_REQUIREMENT_. From the line containing "Pier (SW 7545) - Triadic Color Palette" through the last line below, copy every line exactly, leaving out the pictures.

_INFORMATION SUPPLIED_.
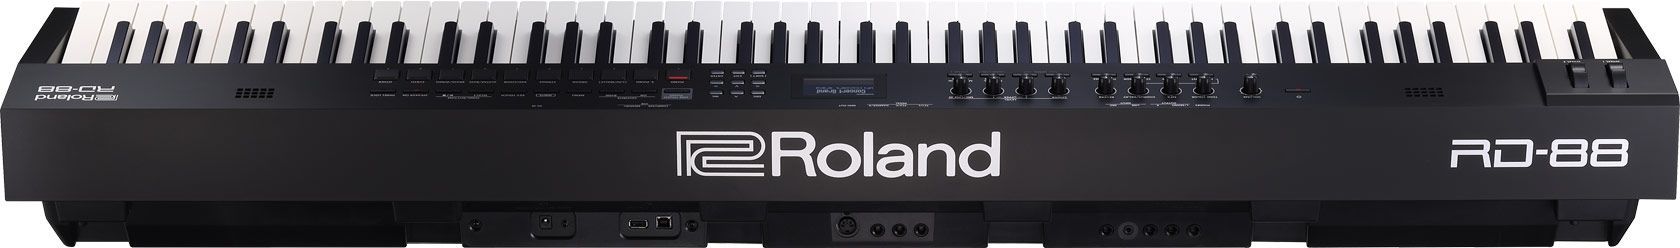 Roland RD-88 Stagepiano mit riesiger Soundauswahl, PHA 4 Hammermechanik
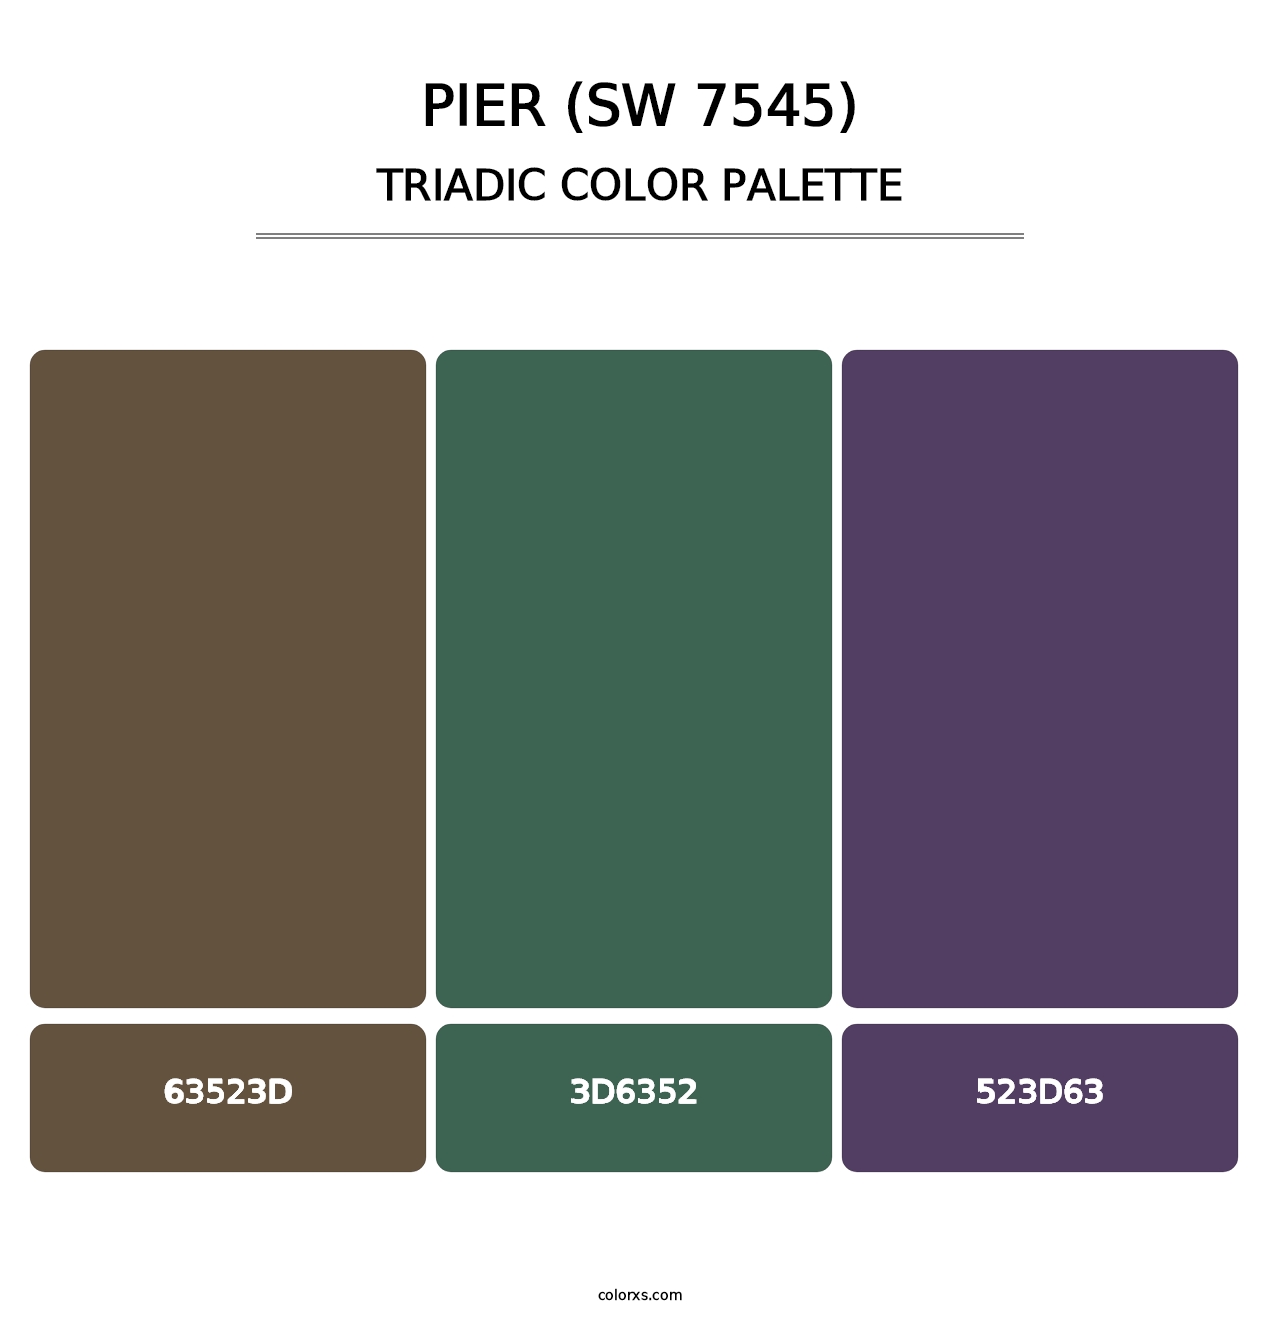 Pier (SW 7545) - Triadic Color Palette
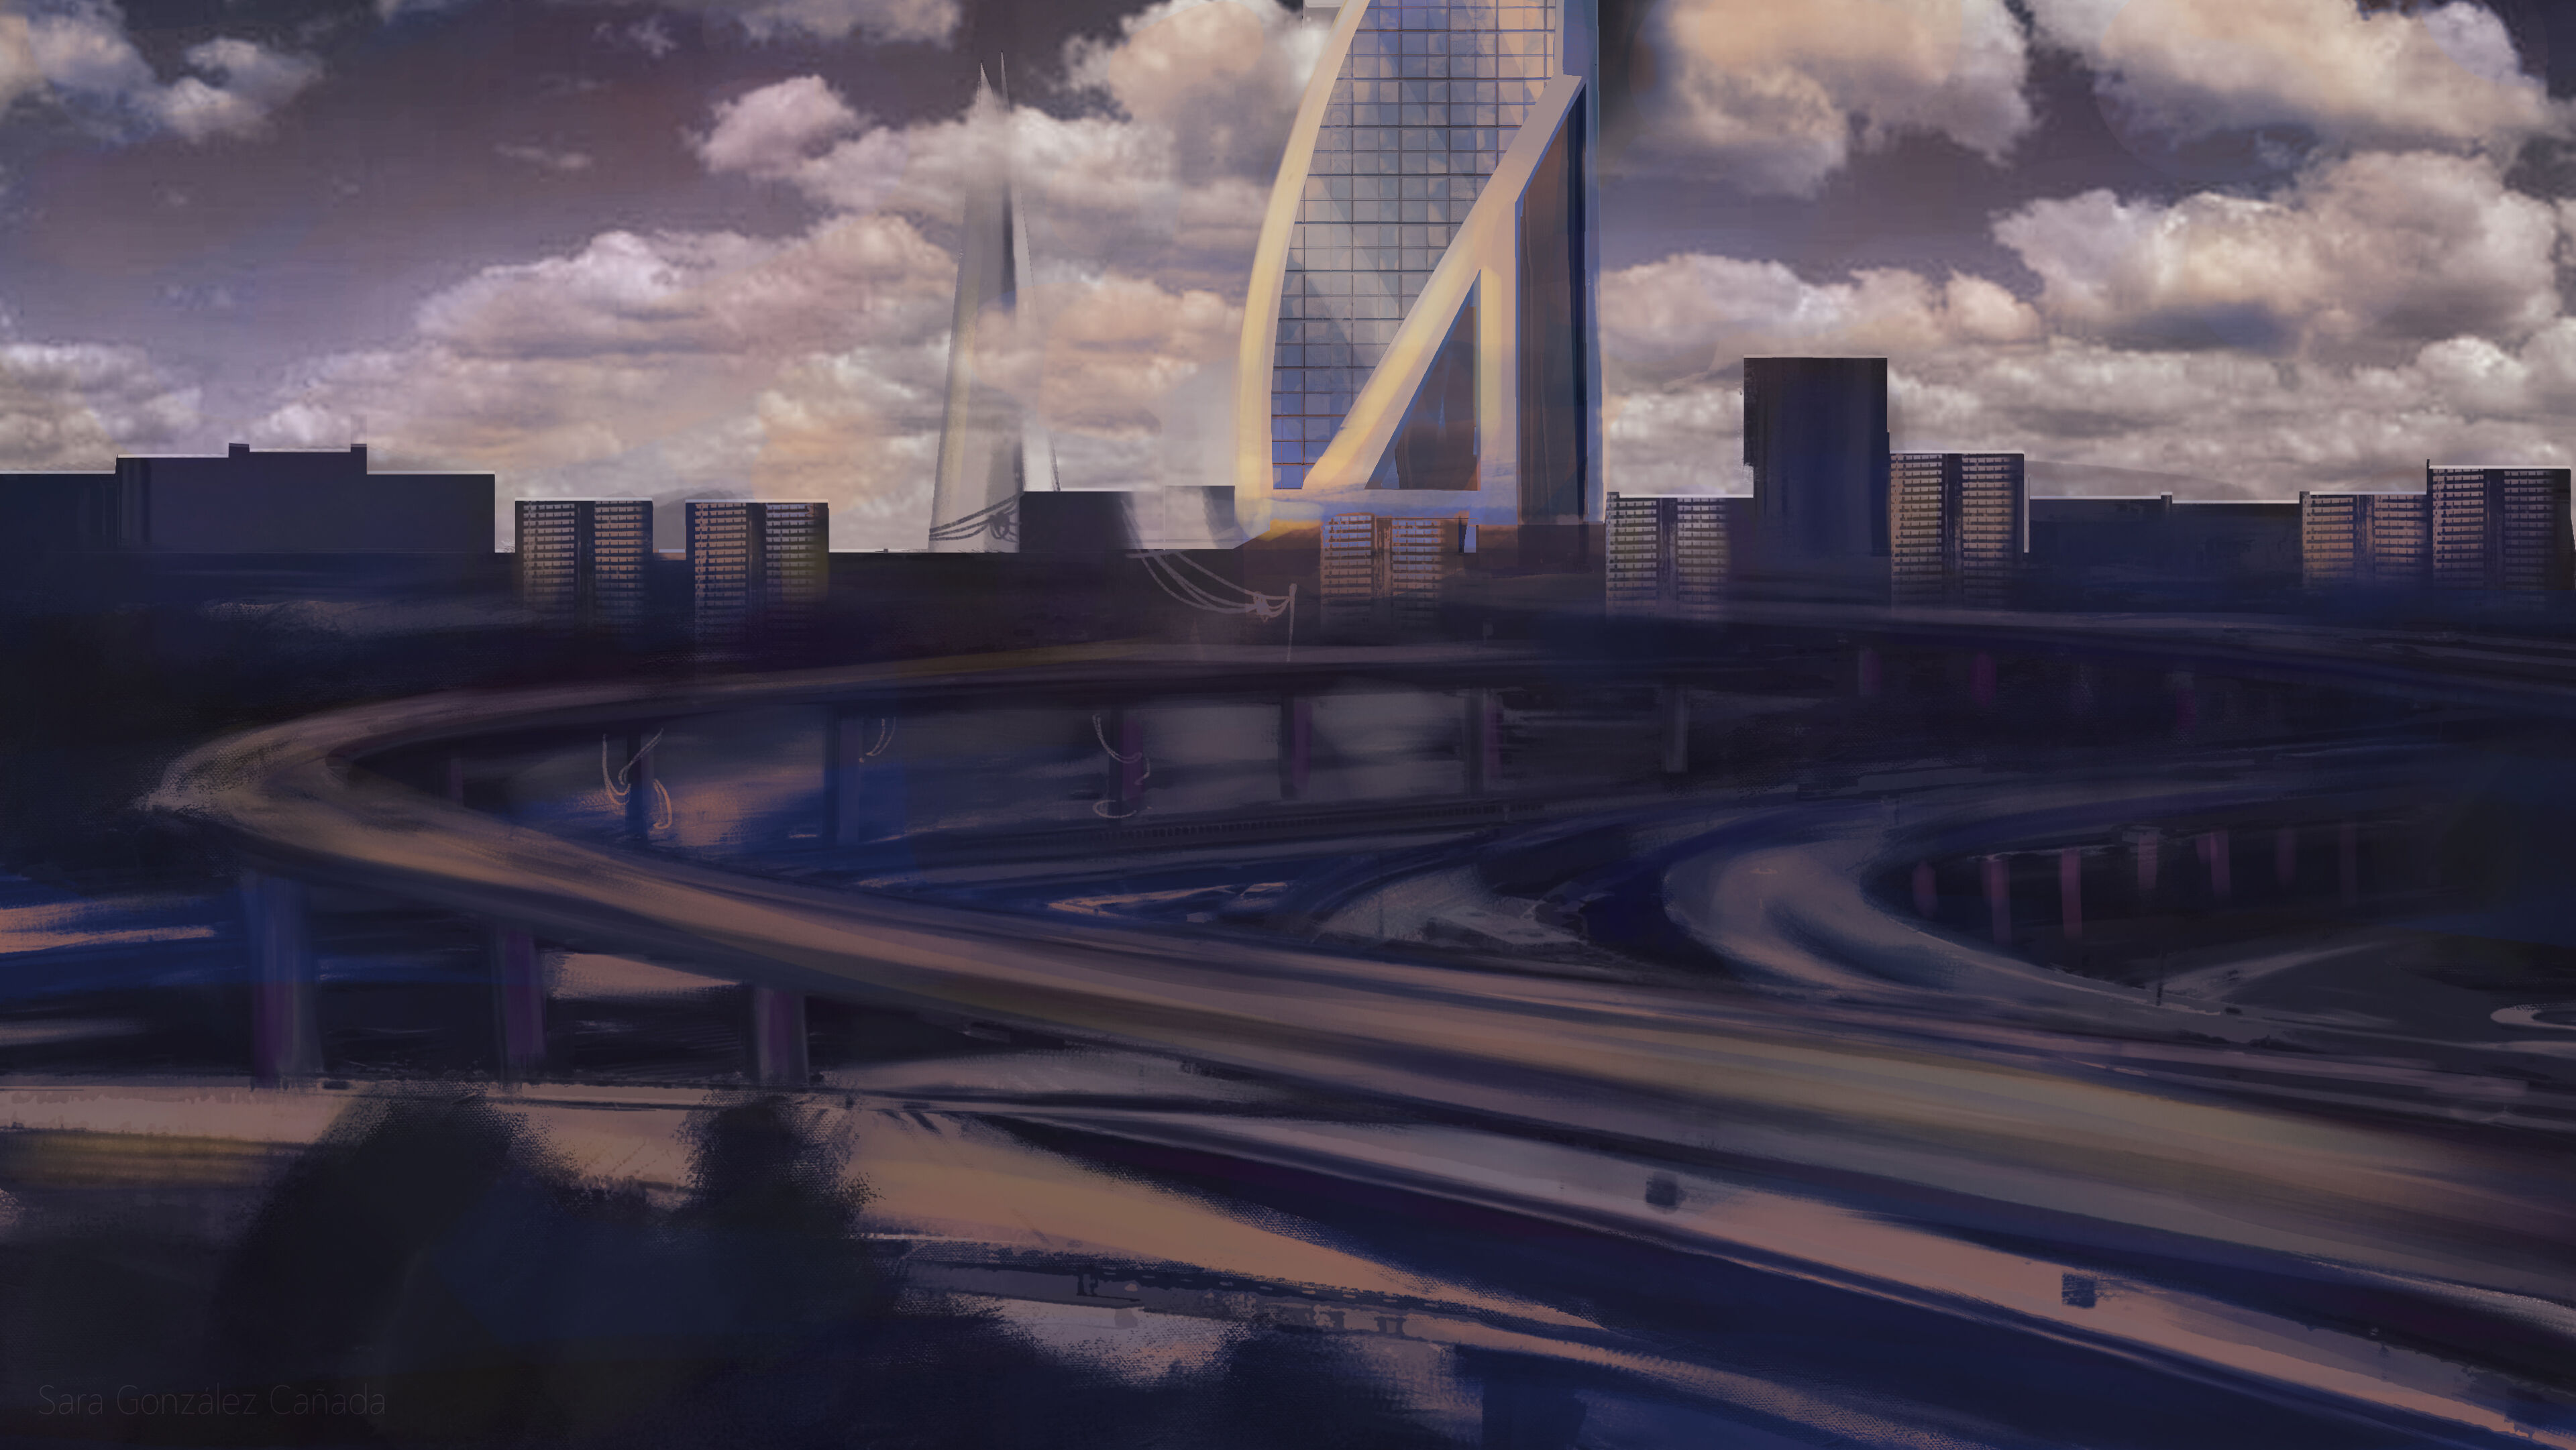 Representació artística d'una ciutat futurista al capvespre amb carreteres il·luminades i un gratacel destacat.

_THE COMPLETED TASK_.
 Pier (SW 7545) - Triadic Color Palette
 Representació artística d'una ciutat futurista al capvespre amb carreteres il·luminades i un gratacel destacat.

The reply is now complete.